MAXIGESIC IV SOLUTION FOR INFUSION 1000MG/300MG PER 100ML VIAL

Active Ingredient

Ibuprofen sodium dihydrate/ Paracetamol

Application type

NDA-2: New combination

Product Registrant

APEX PHARMA MARKETING PTE. LTD.

Date of Approval

03/06/2022

Registration No.

SIN16507P

Indications:

Maxigesic® IV is indicated in adults for the relief of moderate pain and the reduction of fever, where an intravenous route of administration is considered clinically necessary.

Product Name

YUFLYMA SOLUTION FOR INJECTION IN PRE-FILLED PEN 40MG/0.4ML

Active Ingredient

Adalimumab

Application type

NDA-2

Product Registrant

CELLTRION HEALTHCARE SINGAPORE PRIVATE LIMITED

Date of Approval

09/06/2022

Registration No.

SIN16508P

Indications:

ADULTS

Rheumatoid Arthritis

Yuflyma is indicated for reducing signs and symptoms and inhibiting the progression of structural damage and improving physical function in adult patients with moderately to severely active rheumatoid arthritis who have had an inadequate response to one or more DMARDs. Yuflyma can be used alone or in combination with methotrexate or other DMARDs.

Yuflyma, in combination with MTX, can also be used in the treatment of patients with recently diagnosed moderate to severely active rheumatoid arthritis who have not received methotrexate.

Psoriatic Arthritis

Yuflyma is indicated for reducing signs and symptoms of active arthritis in adult patients with moderate to severe psoriatic arthritis when the response to previous DMARD therapy has been inadequate. Yuflyma has been shown to reduce the rate of progression of peripheral joint damage as measured by X-ray in patients with polyarticular symmetrical subtypes of the disease and to improve physical function.

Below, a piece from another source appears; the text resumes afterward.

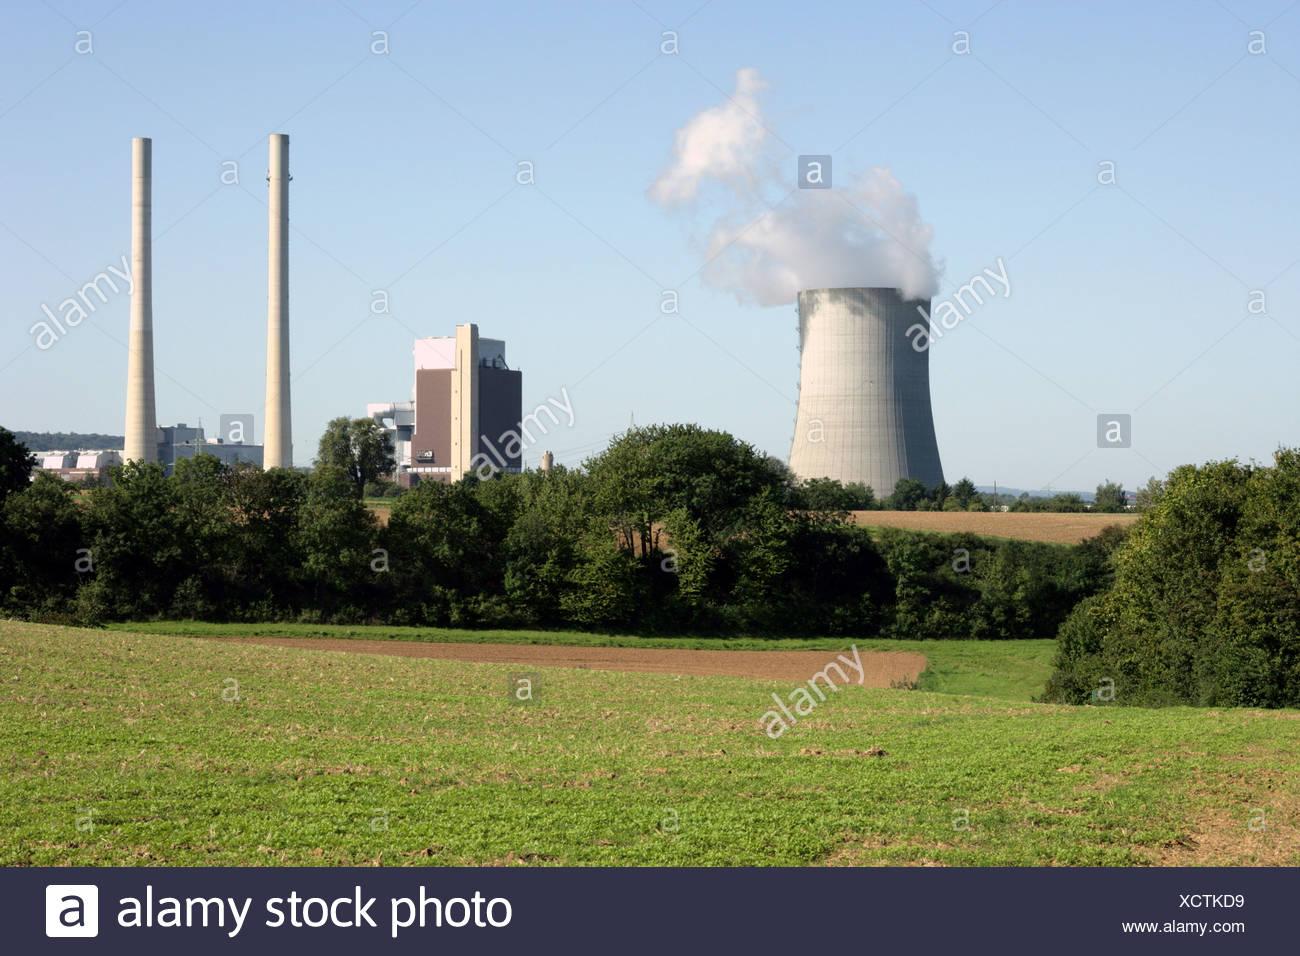 Germany Baden-Württemberg Heilbronn steam power-work chimneys smoke Europe economy industry energy Heizkraftwerk coal-fired Stock Photo

Yuflyma can be used alone or in combination with DMARDs.

Ankylosing Spondylitis

Yuflyma is indicated for reducing signs and symptoms in adult patients with active ankylosing spondylitis who have had an inadequate response to conventional therapy.

Crohn’s Disease

Yuflyma is indicated for the treatment of moderate to severe active Crohn’s disease in adults to reduce the signs and symptoms of the disease and to induce and maintain clinical remission in patients who have had an inadequate response to conventional therapies, or who have lost response to or are intolerant of infliximab. For induction treatment, Yuflyma should be given in combination with corticosteroids. Yuflyma can be given as monotherapy in case of intolerance to corticosteroids or when continued treatment with corticosteroids is inadequate.

Ulcerative Colitis

Yuflyma is indicated for treatment of moderately to severely active ulcerative colitis in adult patients who have had an inadequate response to conventional therapy including corticosteroids and/or 6-mercaptopurine (6-MP) or azathioprine (AZA), or who are intolerant to or have medical contraindications for such therapies.

Plaque Psoriasis

Yuflyma is indicated for the treatment of adult patients with moderate to severe chronic plaque psoriasis who are candidates for systemic therapy or phototherapy and when other systemic therapies are medically less appropriate.

Hidradenitis Suppurativa

Yuflyma is indicated for the treatment of active moderate to severe hidradenitis suppurativa (acne inversa) in adult patients with an inadequate response to conventional systemic HS therapy.

Uveitis

Yuflyma is indicated for the treatment of non-infectious intermediate, posterior and panuveitis in adult patients who have had an inadequate response to corticosteroids, in patients in need of corticosteroid-sparing, or in whom corticosteroid treatment is inappropriate.

PEDIATRICS

Juvenile Idiopathic Arthritis

Polyarticular Juvenile Idiopathic Arthritis

Yuflyma in combination with methotrexate is indicated for the treatment of active polyarticular juvenile idiopathic arthritis (pJIA), in patients 2 years of age and older, who have had an inadequate response to one or more disease-modifying anti-rheumatic drugs (DMARDS). Yuflyma can be given as monotherapy in case of intolerance to methotrexate or when continued treatment with methotrexate is inappropriate (for the efficacy in monotherapy see CLINICAL STUDIES). Yuflyma has not been studied in patients aged less than 2 years.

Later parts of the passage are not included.